The strategy calls for better planning and a mix of house types and sizes because compact developments reduce carbon intensity of buildings and infrastructure

An example of steel reuse at the Treasury Building in Dublin. Photograph: The Irish Times
An example of steel reuse at the Treasury Building in Dublin. Photograph: The Irish Times

With a persistent housing crisis and big targets to finally get to grips with the problem, the Irish construction sector will undergo a lot of change in coming years.

In addition, there will be a shift to provide green buildings not as a nice-to-have, but they will be required under increasingly demanding EU directives.

“We need to move from recycling and recovery to prevention and reuse,” says Pat Barry, chief executive of the Irish Green Building Council (IGBC).

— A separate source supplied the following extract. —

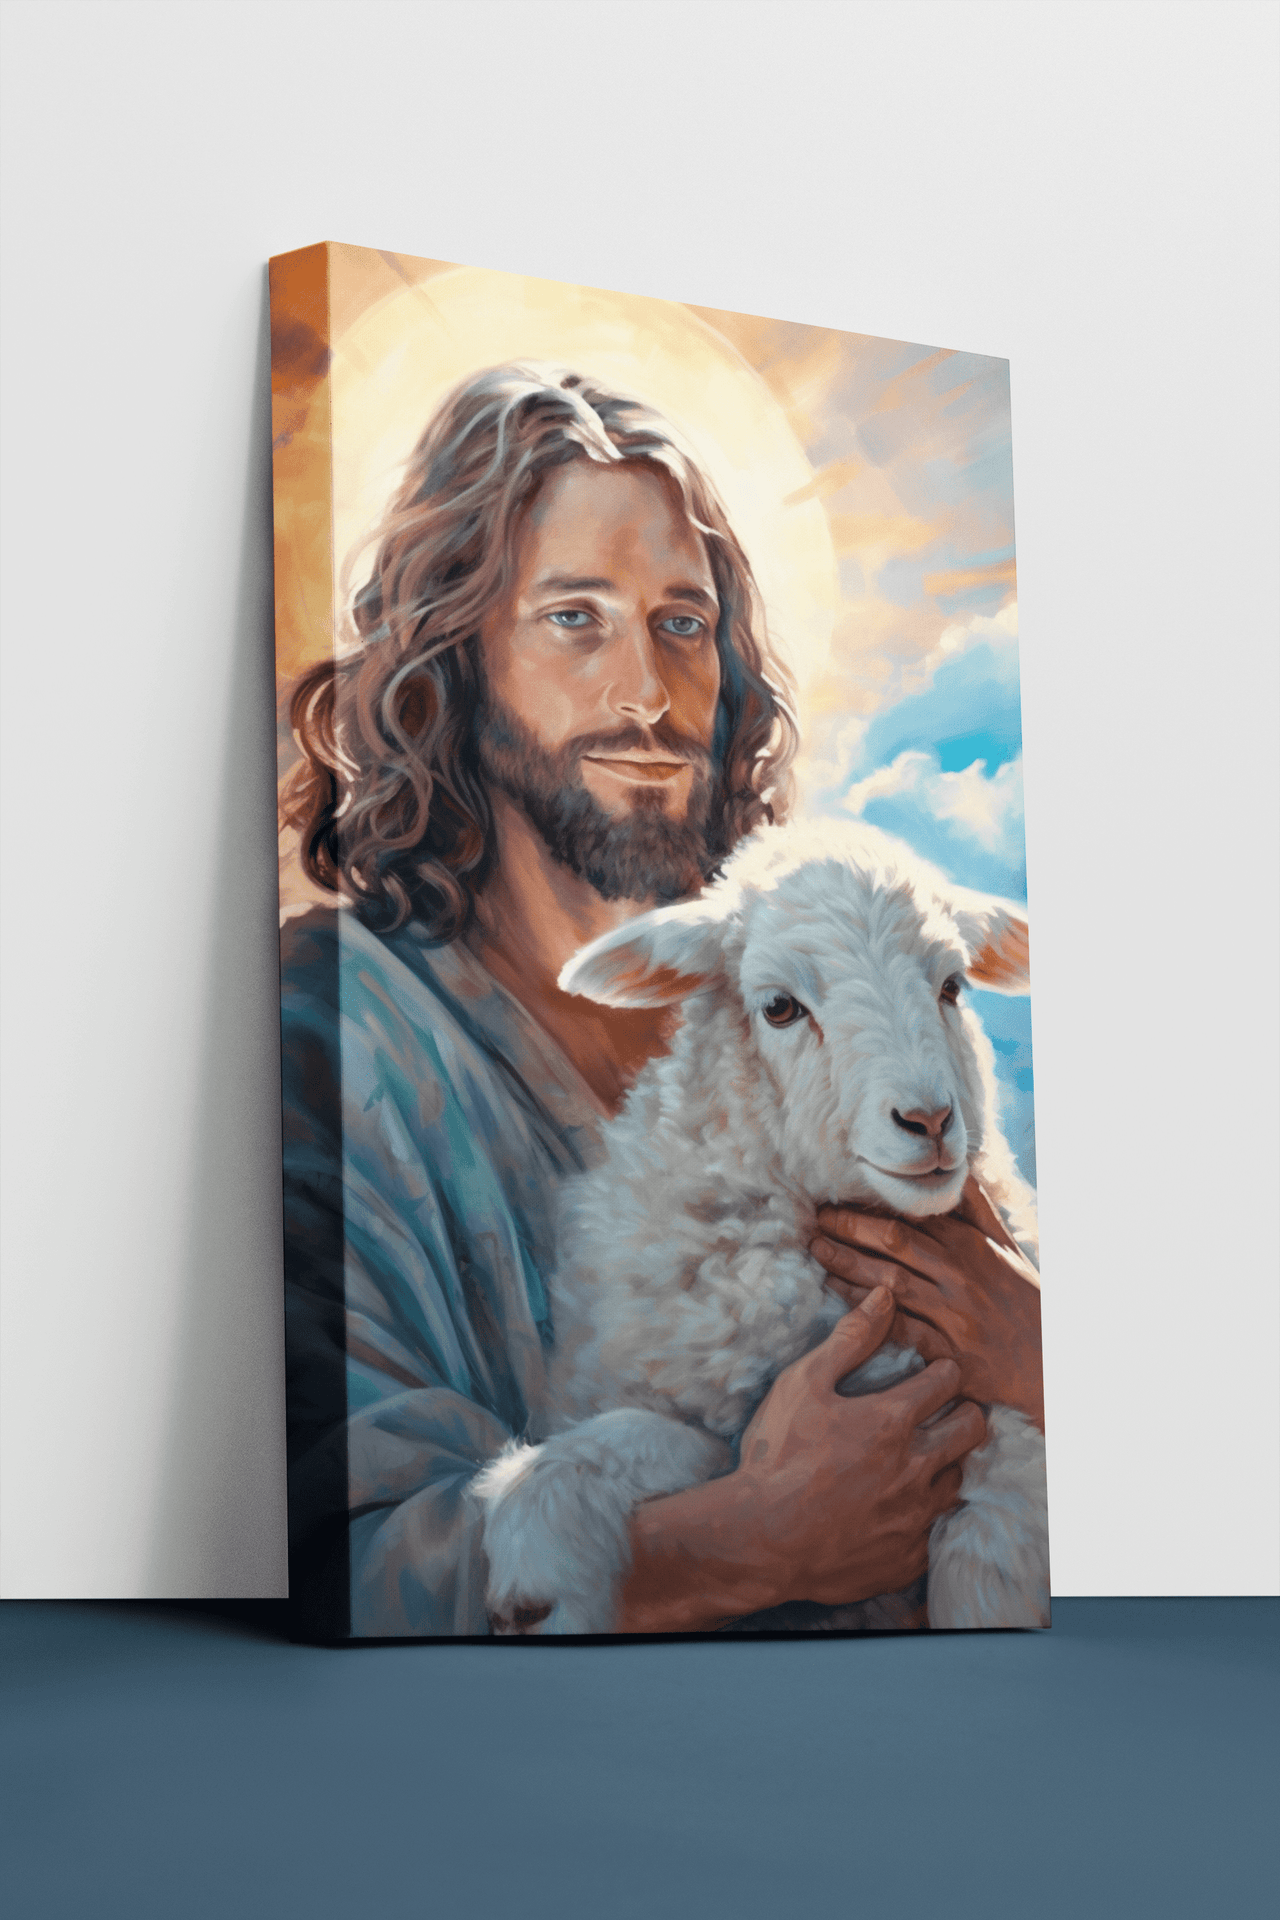 Jesus and Lamb Art Canvas, Jesus Holding the Lost Lamb, Loss Lamb Art Canvas, Jesus Lamb of God, Jesus and Lamb No Words, Christian Wall Decor

He was speaking at the launch of Building a Circular Ireland, the council’s roadmap for a resource-efficient circular built environment.

The ambitious document sets out several strategic frameworks and initiatives to transform Ireland’s linear economic model of “take-make-waste” to a more circular one where materials are reused and buildings are designed for adaptability.

More than 29 per cent of global biodiversity loss is due to the extraction and processing of natural resources for construction.

And in Ireland, construction and the built environment are responsible for 37 per cent of our national emissions – 23 per cent of which is operational carbon – generated during the operational phase (ie, heating, cooling, lighting of buildings) – and 14 per cent of which is embodied carbon, which includes the emissions from building materials and during construction processes (extraction, manufacturing, transportation, installation and demolition).

It is this embodied carbon – and the 8.3 million tonnes of construction and demolition waste generated annually – that needs to be reduced to put our construction industry on a more sustainable footing.

“It’s about the reuse of buildings and more intense use of our schools, homes and offices. It’s about designing for adaptability and disassembly and optimising material use,” Barry says.

The roadmap also calls for better planning and a mix of house types and sizes because more compact developments reduce the carbon intensity of buildings and infrastructure.

For instance, greenfield sites, which have not been previously built on, require 32 per cent more embodied carbon than brownfield sites – that is, previously developed sites.

Tackling vacancy, dereliction and demolition of existing buildings is another priority, as the often quoted maxim states “the most sustainable building is the one that already exists”.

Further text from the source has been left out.